Cheap electricity contracts may be more difficult to extend when current agreements expire as a result of the competition. According to Greg Beard, CEO of open Bitcoin miner Stronghold Digital Mining Inc., large-scale Bitcoin miners usually lock in energy pricing for a few years.

Computer Power

In a winner-take-all competition, miners compete for a set payout for being the first to process a block of transactions on the Bitcoin blockchain. This prize will decrease from 6.25 Bitcoin to 3.125 Bitcoin upon the halving.

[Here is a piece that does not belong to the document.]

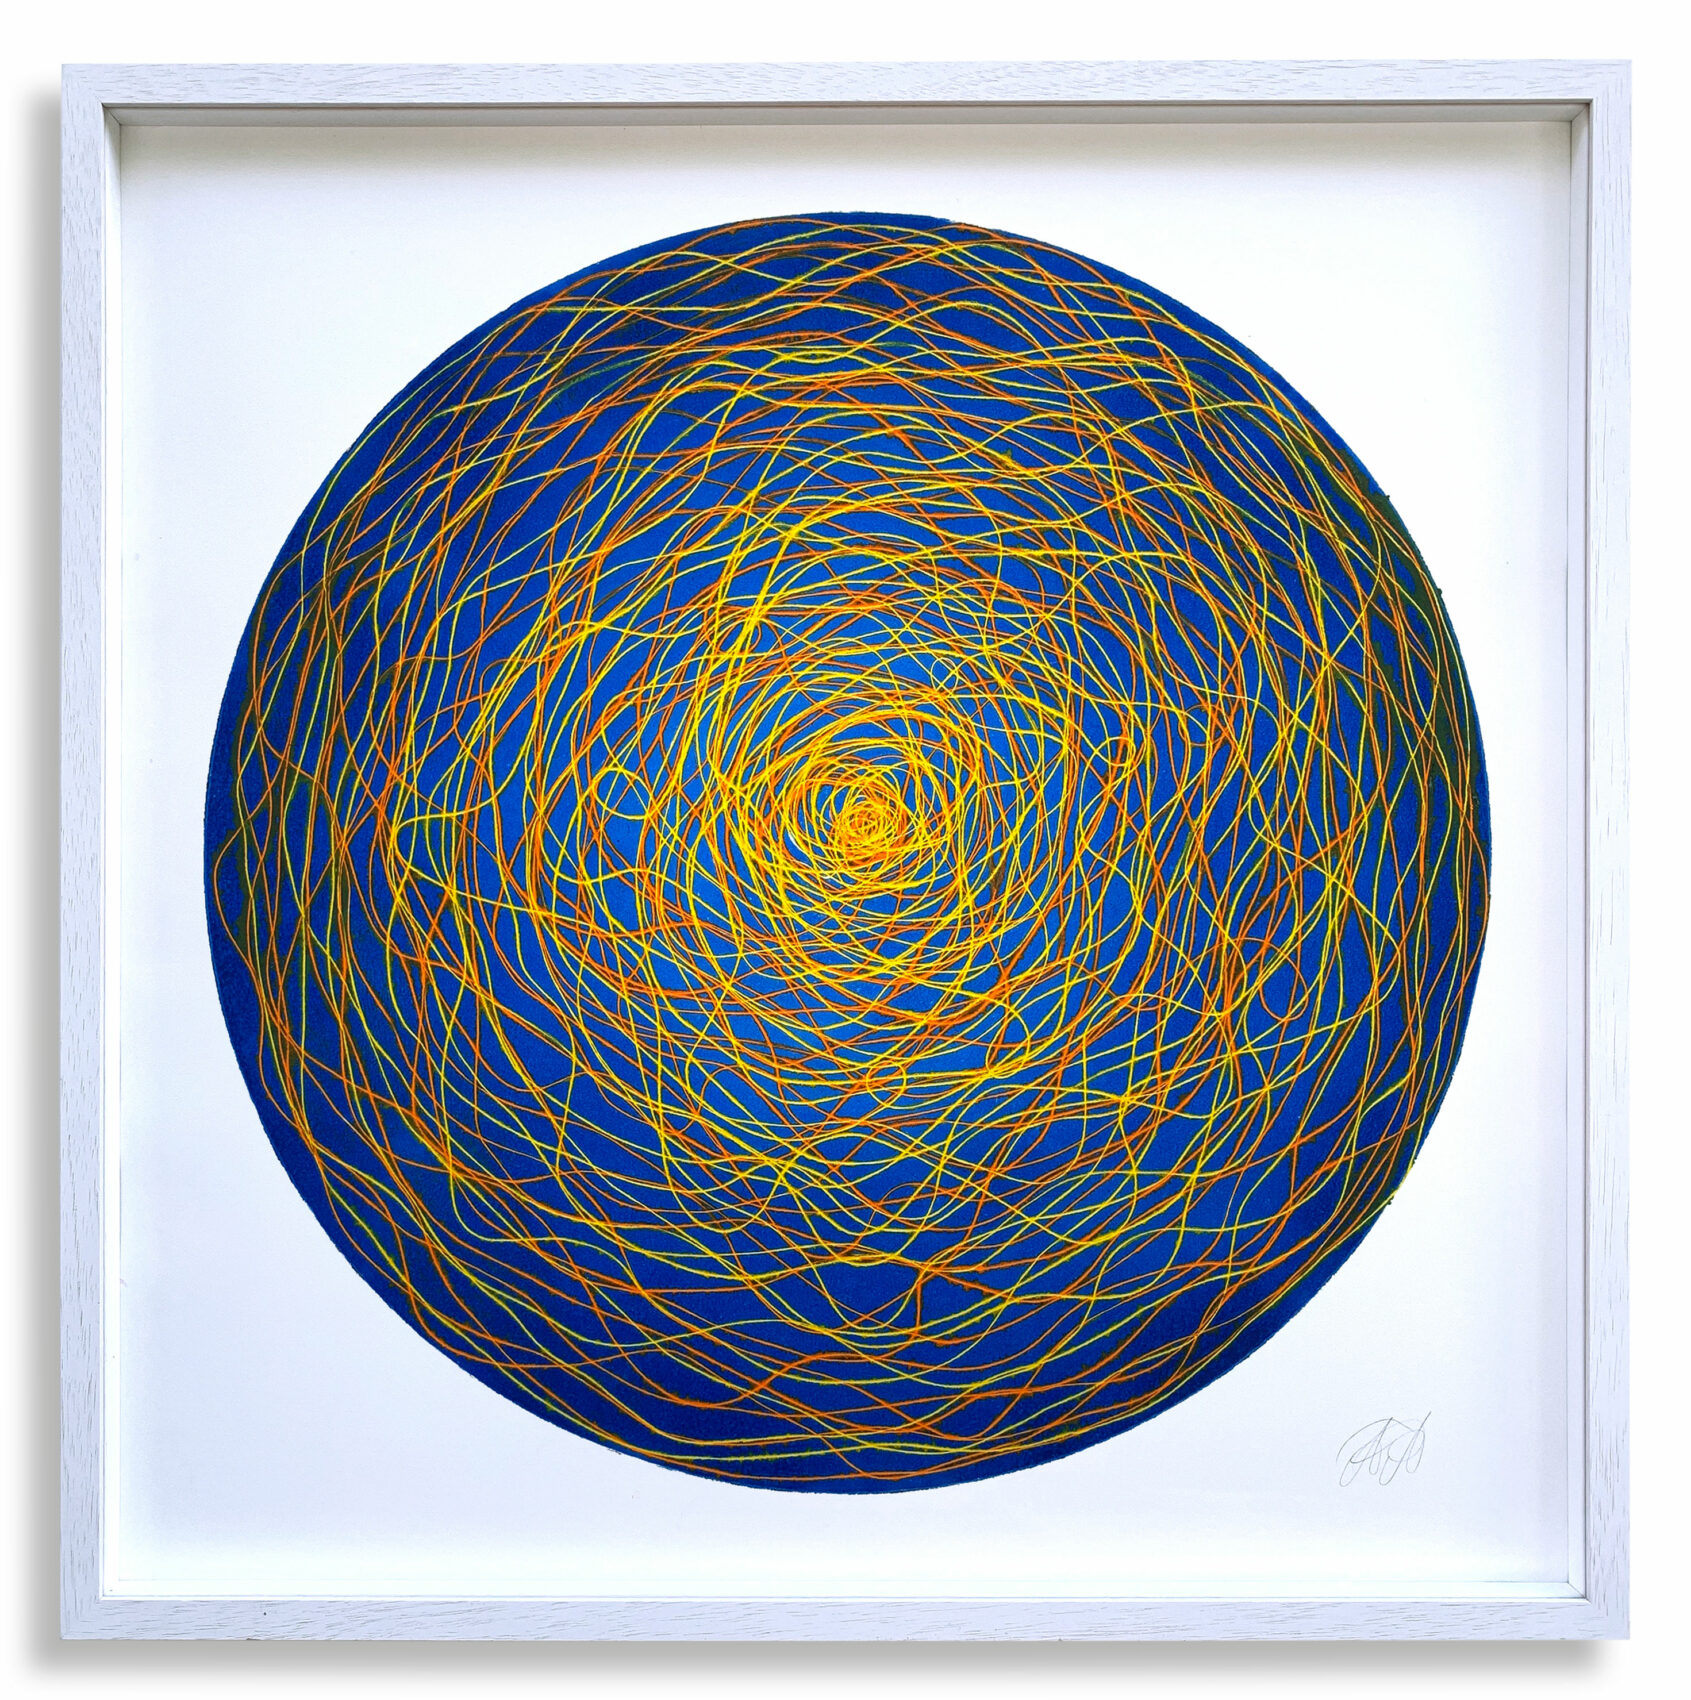 6_Alexander-Arundell_Dreipunkt-Edition_Wild-Circle-Yellow-and-Orange-on-Blue_70-x-70-cm_Material-Print_600-EUR-framed

A miner is more likely to receive the reward if it has greater processing power. However, the difficulty is increasing. According to a biweekly update from the cryptocurrency-mining website btc.com, mining difficulty—a measure of the processing power needed to generate Bitcoin—has increased nearly sixfold since the 2020 halving. That’s because there are more miners than there are available, and the payout is set.

Public Bitcoin miners have raised billions of dollars to finance the acquisitions by releasing new shares, and companies have been upgrading their equipment with more efficient machines to create extra computing power.

Private mining companies, which supply around 80% of the computing power used in the US mining industry, are not eligible for that choice. Those businesses largely depended on debt issuance to assist fund their expenses during the previous bull run in 2021. Around that time, it was estimated that up to $4 billion in loans secured by mining equipment had been taken out by both public and private miners. However, as many lenders failed after the 2022 cryptocurrency market meltdown, deals have become more difficult to come by.

The CEO of Blockhouse Digital, an asset management company that specializes in yield-generating tactics and collateralized lending in the cryptocurrency markets, Young Cho, stated that the market is difficult. For a number of months, miners have been searching for lenders, but none have been available.

In addition to debt financing, some private miners are raising finance through venture capital funding rounds, according to Foley of the Bitcoin Opportunity Fund.

According to Kimmell at CoinShares, companies with negative cash flows that are unable to obtain financing must decide whether to use private equity or keep cash on hand as a precaution.

On the other hand, he added, they can end up pulling out of the market if they have little faith in future mining earnings.